Opinion Pieces: since 2007, Prof. David Hensher has written an opinion column in the Australasian Bus and Coach magazine, where he monthly discusses a lot of different transport-related hot topics. In this section we are revisiting these columns.

December 2012

The call for a congestion charge is getting louder and more frequent in many countries as major metropolitan areas experience increasing levels of road congestion. This is often accompanied by a recognition that governments need to find new sources of revenue to maintain existing road networks and to invest in new transport infrastructure. Although reform of road pricing is almost certain to occur at some time in the future, a key challenge is in selling the idea to the community of road users as well as a whole raft of interest groups that influence the views of society and politicians. Simply announcing a need for a congestion charge (often misleadingly called a tax) does little to progress the reform agenda. What is required is a carefully structured demonstration of what might be done to progressively introduce adjustments in road user charges that are seen as reducing the costs to motorists while ensuring no loss of revenue to government. My colleagues (Profs Bliemer and Mulley) and I suggest that this can be achieved by the reform of registration fees in the presence of a distance-based charging regime, that can deliver financial gains to motorists with prospects of revenue growth to the State Treasury of Sydney. Such a reform package is predicted to result in changes to total annual kilometres of travel (especially in the peak) and flow through gains in travel time that deliver reductions in traffic congestion, typically 4.7 percent reduction in peak kilometres in Sydney. We see this as an essential first stage in gaining community support for road pricing reform – proof of cost reductions associated with improvements in traffic congestion can then be used to continue the reform process.

This road pricing reform plan would require drivers to purchase an on-board unit (OBU) (approximately $50 once off cost) that will record the kilometres by time of day. The off peak kilometres are not charged, but peak kilometres will be charged at the agreed cents/km. This scenario implies that if an OBU is not installed, all kilometres will be charged as peak kilometres, giving an incentive to install a meter (with the expectation that all motorists will do so), just like households have had with off peak electricity meters or with water meters when they were first introduced.

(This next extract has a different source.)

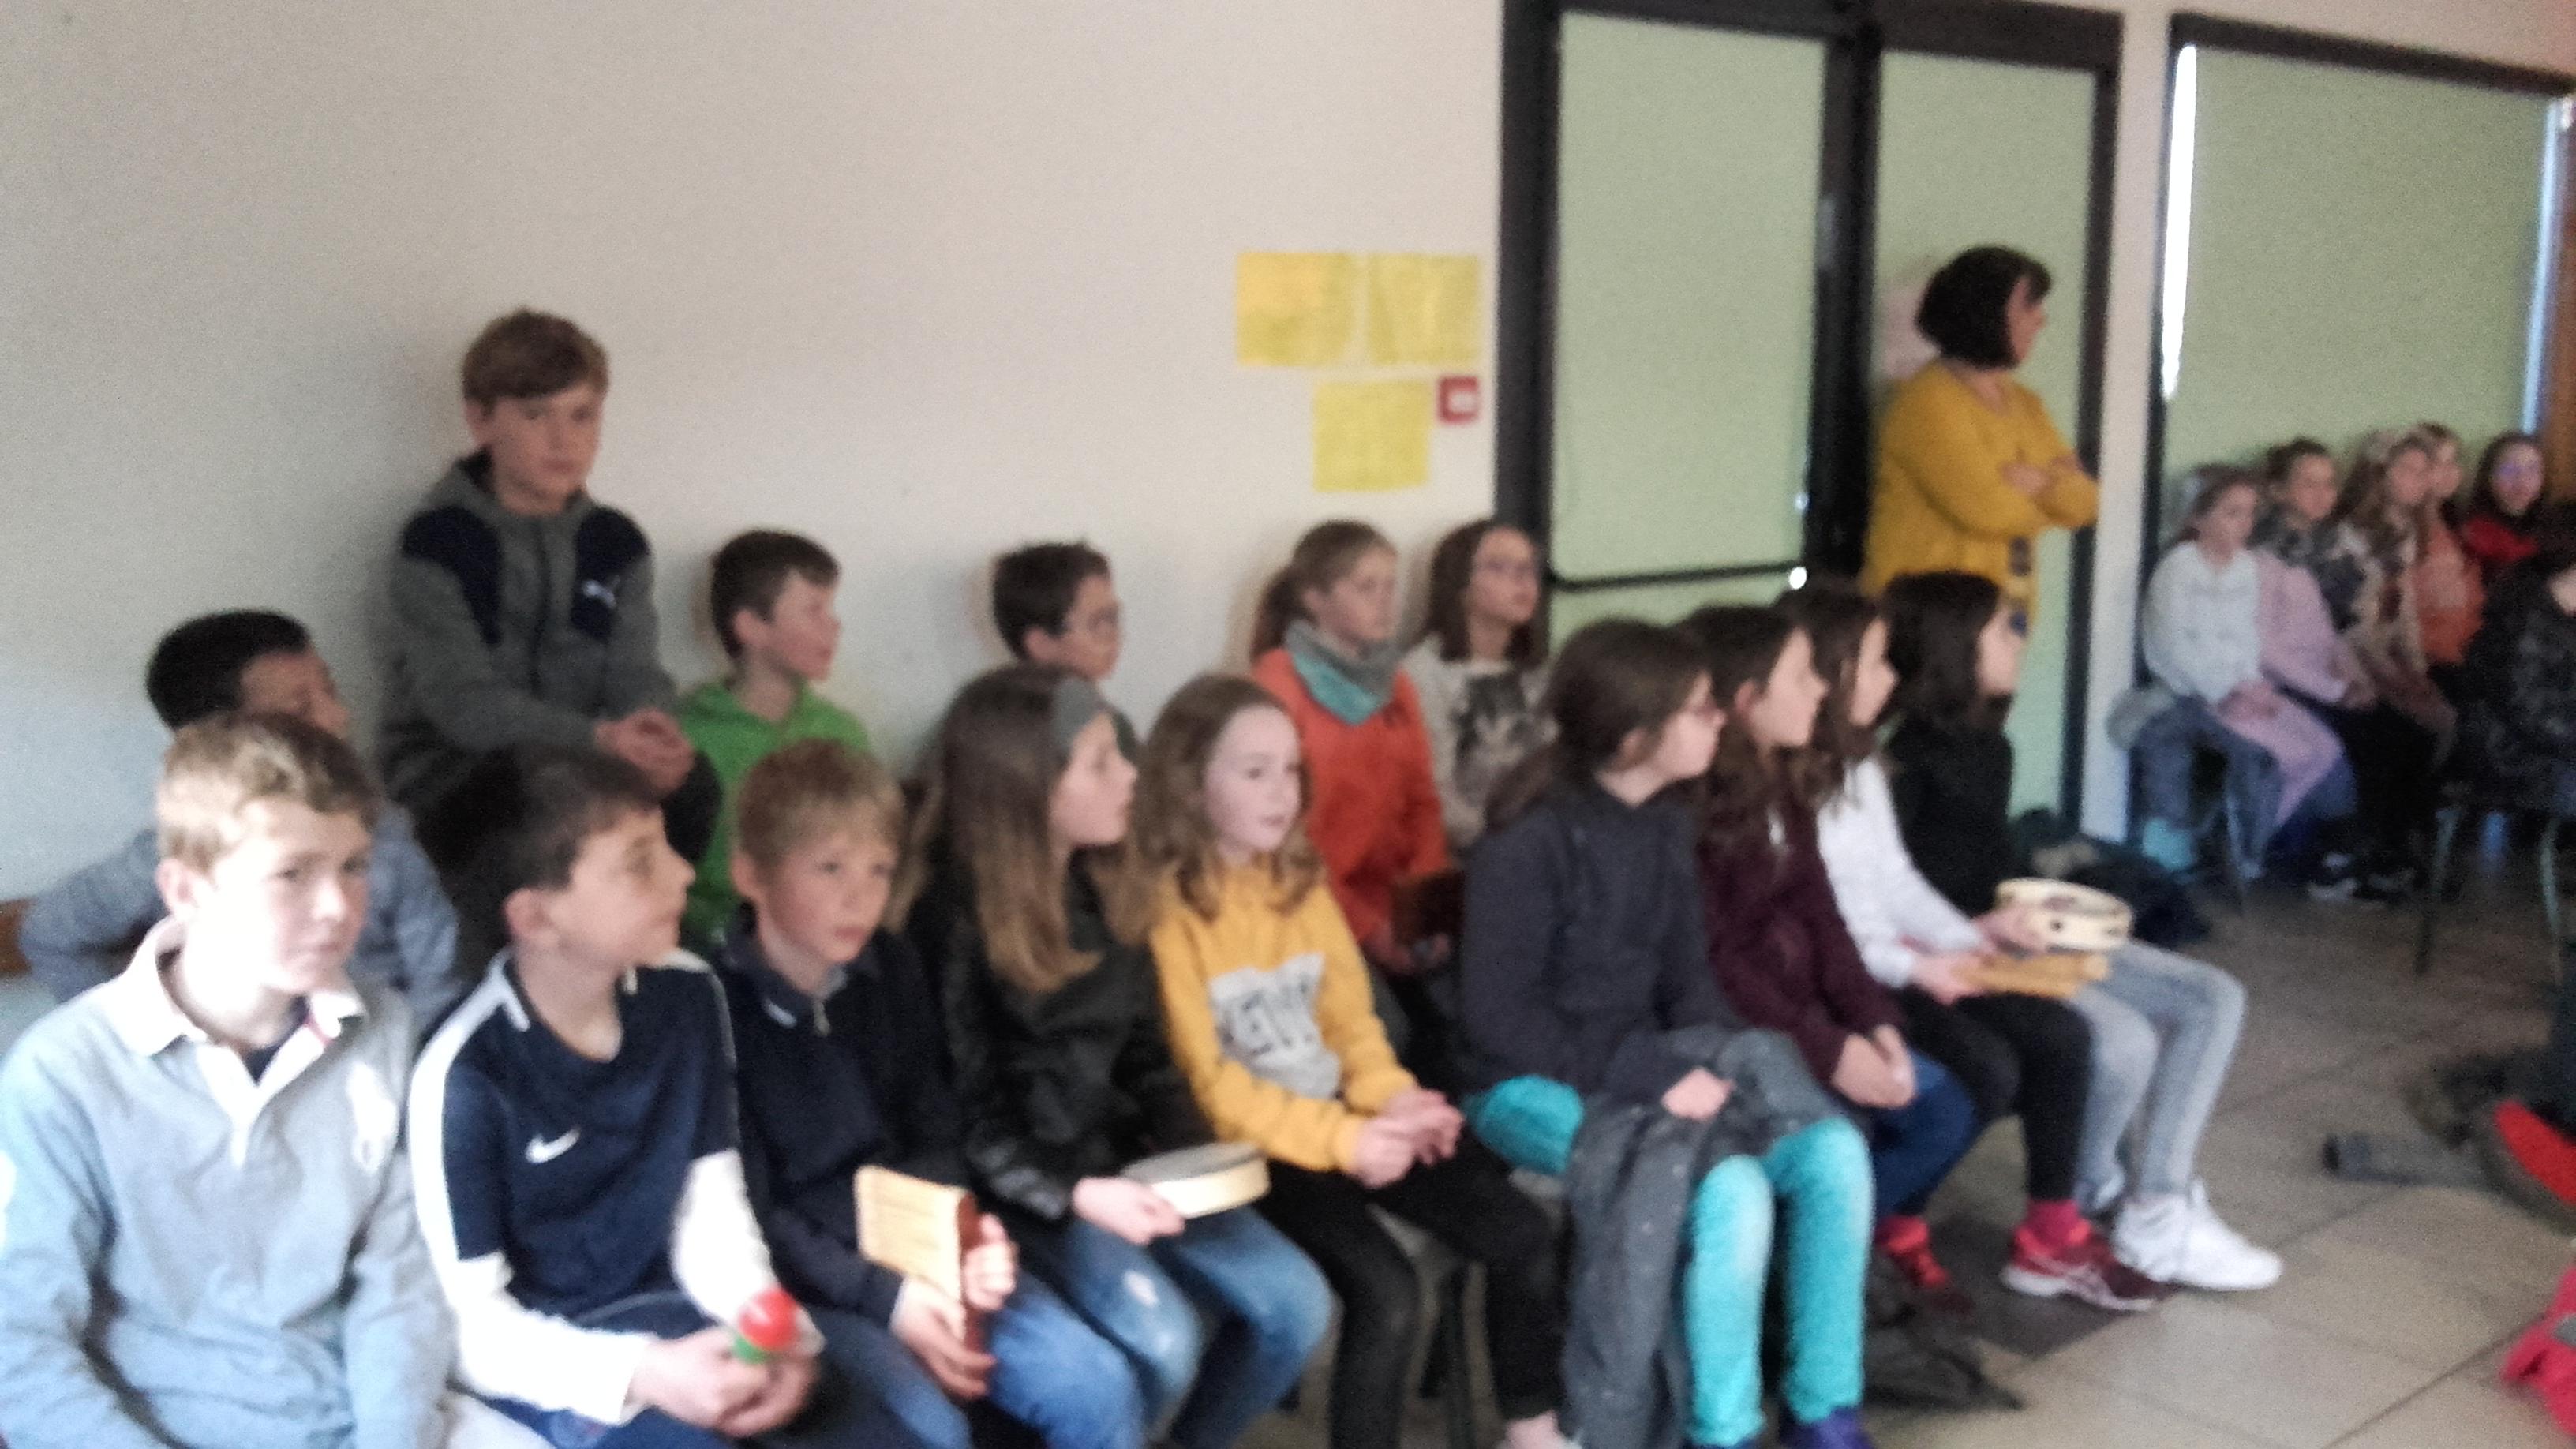 Théâtre français-breton du 04/04/19

To establish the financial implications of alternative combinations of a peak period distance-based charge (DBC) and discounted annual registration fees, we have built a scenario decision support system (in excel). The key inputs, for each statistical sub division in Sydney (SSD) and status quo (i.e., before) situation, are the mean annual kilometres, the proportion of kilometres in the peak periods (AM and PM), the average daily cost per driver (comprising fuel and tolls, distinguished by peak and off peak periods), annual registration fees, and mean direct elasticities of peak and off peak kilometres with respect to usage costs. In addition, for the reform scenarios, we considered a DBC varying from 2c/km to 10c/km in the peak, and allowed annual registration fees to vary from 30 to 75 percent of the status quo annual fee.

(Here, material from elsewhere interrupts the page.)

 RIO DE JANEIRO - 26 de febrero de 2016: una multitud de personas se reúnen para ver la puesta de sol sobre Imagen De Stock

The decision support system calculates the status quo total costs and kilometres for all drivers and revenue to State Treasury, distinguishing outlays and receipts for the peak and off peak periods. We then introduce the range of peak-period DBCs and discounted registration fees and calculate the combination of these two cost outlays for motorists of each SSD that results in both a reduced mean cost outlay to motorists and no loss in revenue to State Treasury. At the SSD level, we expect to obtain different DBC levels for a given discount on the registration fee, and indeed that is what was obtained. The range is three to eight cents/km. Taking the lowest value would ensure net gains to each SSD motorist, but would result in the loss of neutrality (or better) to Treasury revenue. Placing different charges on motorists over the metropolitan area would raise clear concerns from many perspectives including the political ramifications.

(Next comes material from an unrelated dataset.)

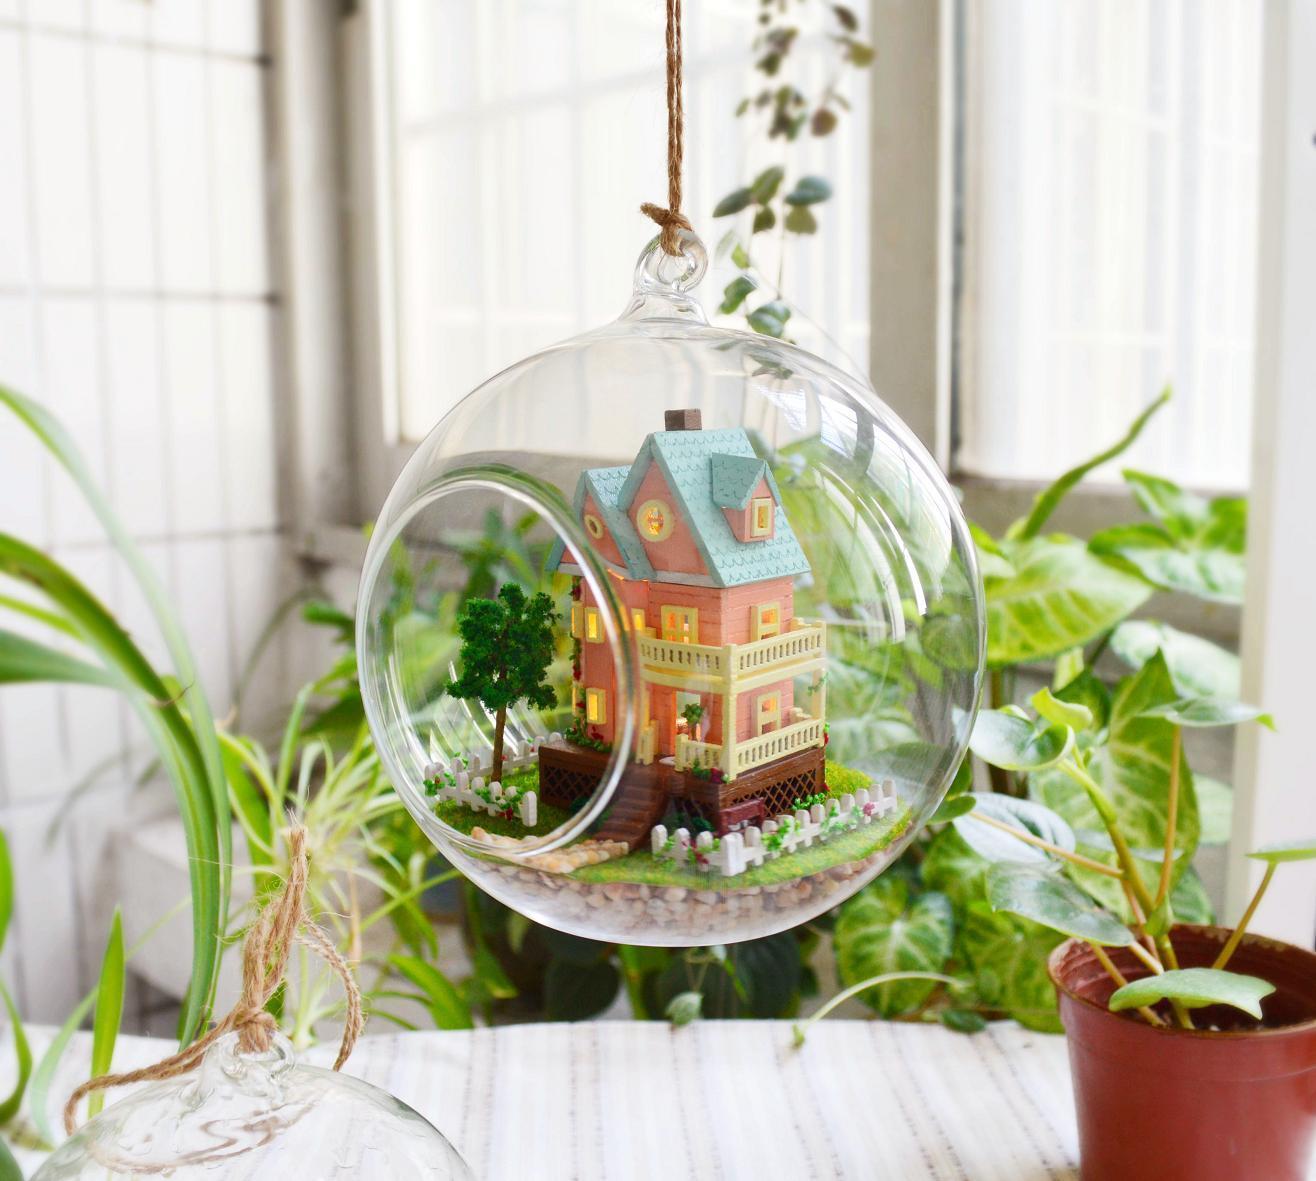 new house presents ideas

A preferred solution is to take a system wide approach, and to identify a single DBC, given a discounted registration fee, that achieves the required financial outcomes for drivers and State Treasury. The selected peak period DBC is 5c/km with a discounted registration fee of $185, slightly greater than a 50 percent reduction. On average, a driver saves $9 per annum and Treasury gains $32 per driver per annum. These are extremely low amounts per driver, but they translate into sizeable financial gains to all drivers and State Treasury.